In Haskell we just use data constructors like Plus, Times, etc. for constructing the arithmetic expression, which then become instances of a type Expr a of arithmetic expressions over some type a (recall that Expr is a type constructor):

data Expr a = 
  	Constant a  
	| Plus (Expr a) (Expr a) 
        | Minus (Expr a) (Expr a) 
	| Times (Expr a) (Expr a) 
	deriving Show                   -- so we can show them easily

Remember that you can declare a pointer-based type, say in C, with exactly the same conceptual organization! With the data structure defined above, it is easy to write a recursive function that evaluates expressions:

eval                :: Num a => Expr a -> a   -- a should be a "Num" type
                                              -- ... for this to work  
eval (Constant x)   = x
eval (Plus x y)	    = (eval x) + (eval y)
eval (Minus x y)    = (eval x) - (eval y)
eval (Times x y)    = (eval x) * (eval y)

Notice how this function follows the structure of the Expr datatype exactly!

Example: let's give it a try ...

myexpr0 :: Expr Integer                -- over Integer values
myexpr0 = 
	Plus 
		(Times 
			(Constant 1)
			(Constant 2))
		(Plus
			(Constant 3)
			(Constant 4))

Now we can have the system show the value of myexpr0 and evaluate it using our function eval:

Main> myexpr0
Plus (Times (Constant 1) (Constant 2)) (Plus (Constant 3) (Constant 4)) :: Expr Integer
(223 reductions, 514 cells)

Let's have the system infer the type for this expression:

myexpr1 =
	Plus
		(Times 
			(Constant 1.5)
			(Constant 2))
		(Plus
			(Constant 3)
			(Constant 4))

Note that after the Haskell system has parsed the expression and done the type inference (i.e., at compile-time), the type of myexpr1 is known (you have probably already seen evidence that the system does type checking at compile-time: when you try to load a Haskell file and the system reports type errors!!)

Since the above loads/compiles without errors, we can ask the system for the type of myexpr1 or just have it "print" the value of myexpr1 (here, "hugs +t +s" was used):

Main> :info myexpr1
myexpr1 :: Expr Double

Main> myexpr1
Plus (Times (Constant 1.5) (Constant 2.0)) (Plus (Constant 3.0) (Constant 4.0)) :: Expr Double
(223 reductions, 522 cells)

Using our eval function above, we can evaluate myexpr0 and myexpr1:

Main> eval myexpr0
9 :: Integer
(21 reductions, 27 cells)

Main> eval myexpr1
10.0 :: Double
(21 reductions, 27 cells)

USES OF ABSTRACT SYNTAX

One use is to have a notation with details removed for use in compilation, interpretation, etc. Remember the "dragon book" on compiler design. The dragon is the "complexity of compiler design". The knight who vanquishes the dragon carries the emblem "syntax directed translation". This means first recovering abstract syntax, then doing code generation from the abstract syntax tree.
Another use is as a common "interlingua" for multiple concrete syntaxes.
Consider a web page creation program.
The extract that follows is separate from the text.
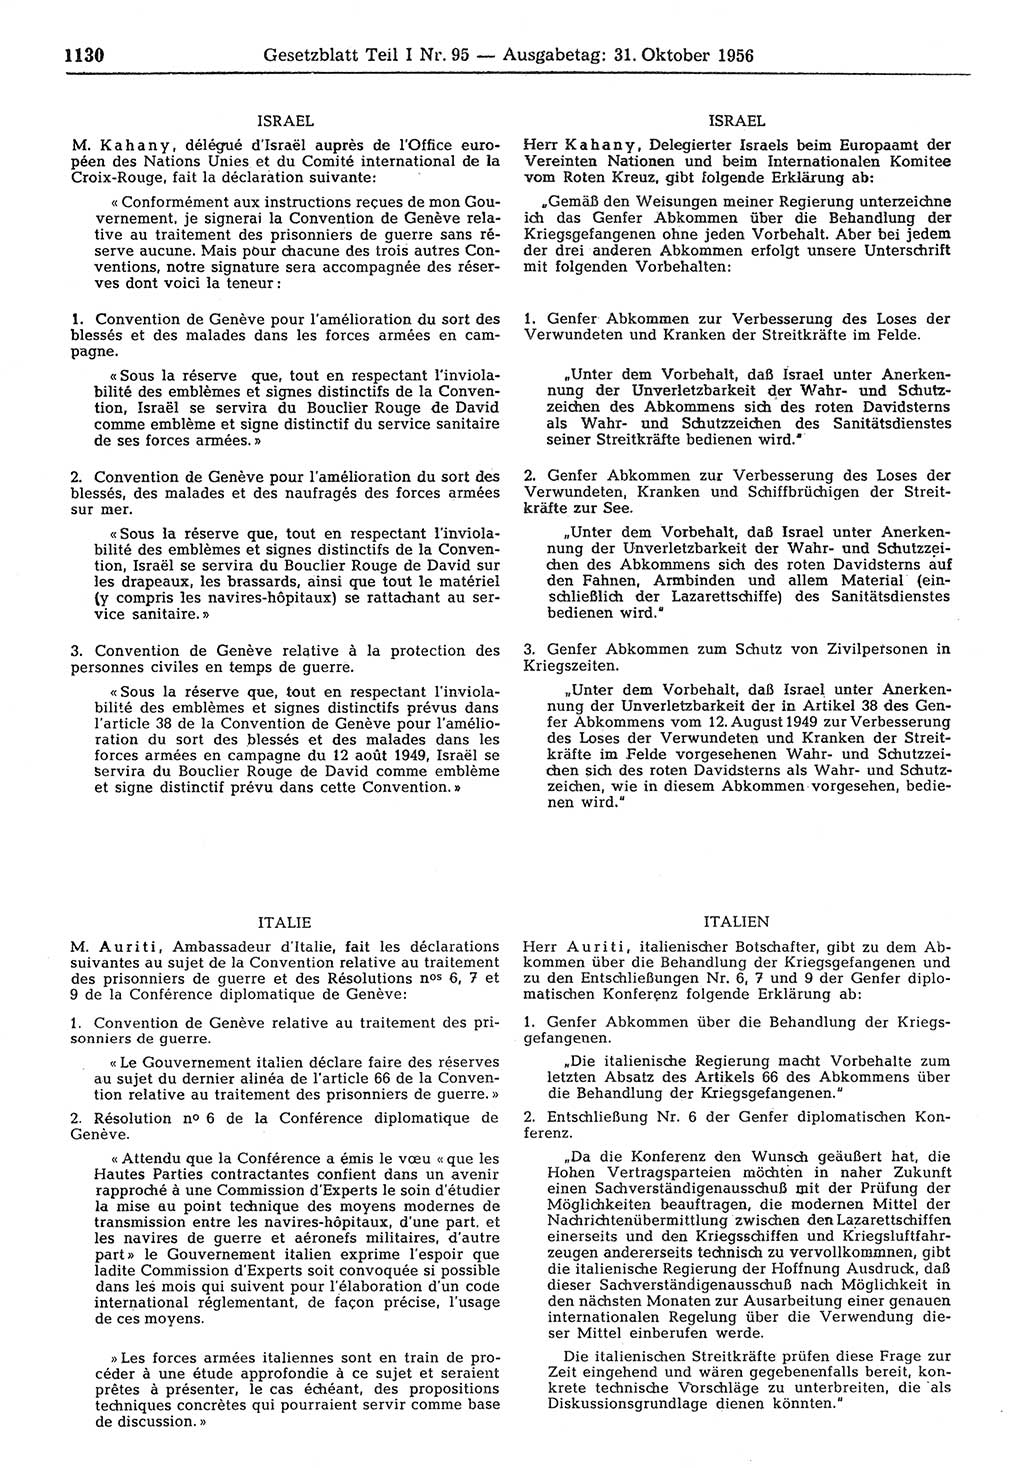 Gesetzblatt (GBl.) der Deutschen Demokratischen Republik (DDR) Teil Ⅰ 1956, Seite 1130 (GBl. DDR Ⅰ 1956, S. 1130)

The same functionality (i.e. semantics) can be controlled by many interfaces:
- a compiled language (e.g. TeX)
- an interpreted language (e.g. HTML)
- an interactive command line (e.g. vi)
- a graphical user interfaces (GUI) with
  - menu choices
  - direct manipulation
  - a subroutine library, i.e. an API (application programming interface)
Abstract syntax makes it possible to systematically consider all possible expressions in a given sublanguage, and therefore to prove that a property is true of all these expressions. This prinicple is called structural induction. For example one can use the recursive definition above to prove a property of all simple arithmetic expressions.

Structural Induction is a mathematical proof concept which is a generalization of the Principle of Mathematical Induction over the integers:

Assume that p(n) is a statement (property) over integer numbers n and assume further that we want to show that p(n) is true for all integers n. To prove this, we "only" need to show that
- (Induction base: n=0): p(0) is true
- (Induction step: n->n+1): if p(n) is true, then p(n+1) is also true
If both steps can be proven, then we have proven that indeed p(n) is true for all integers n.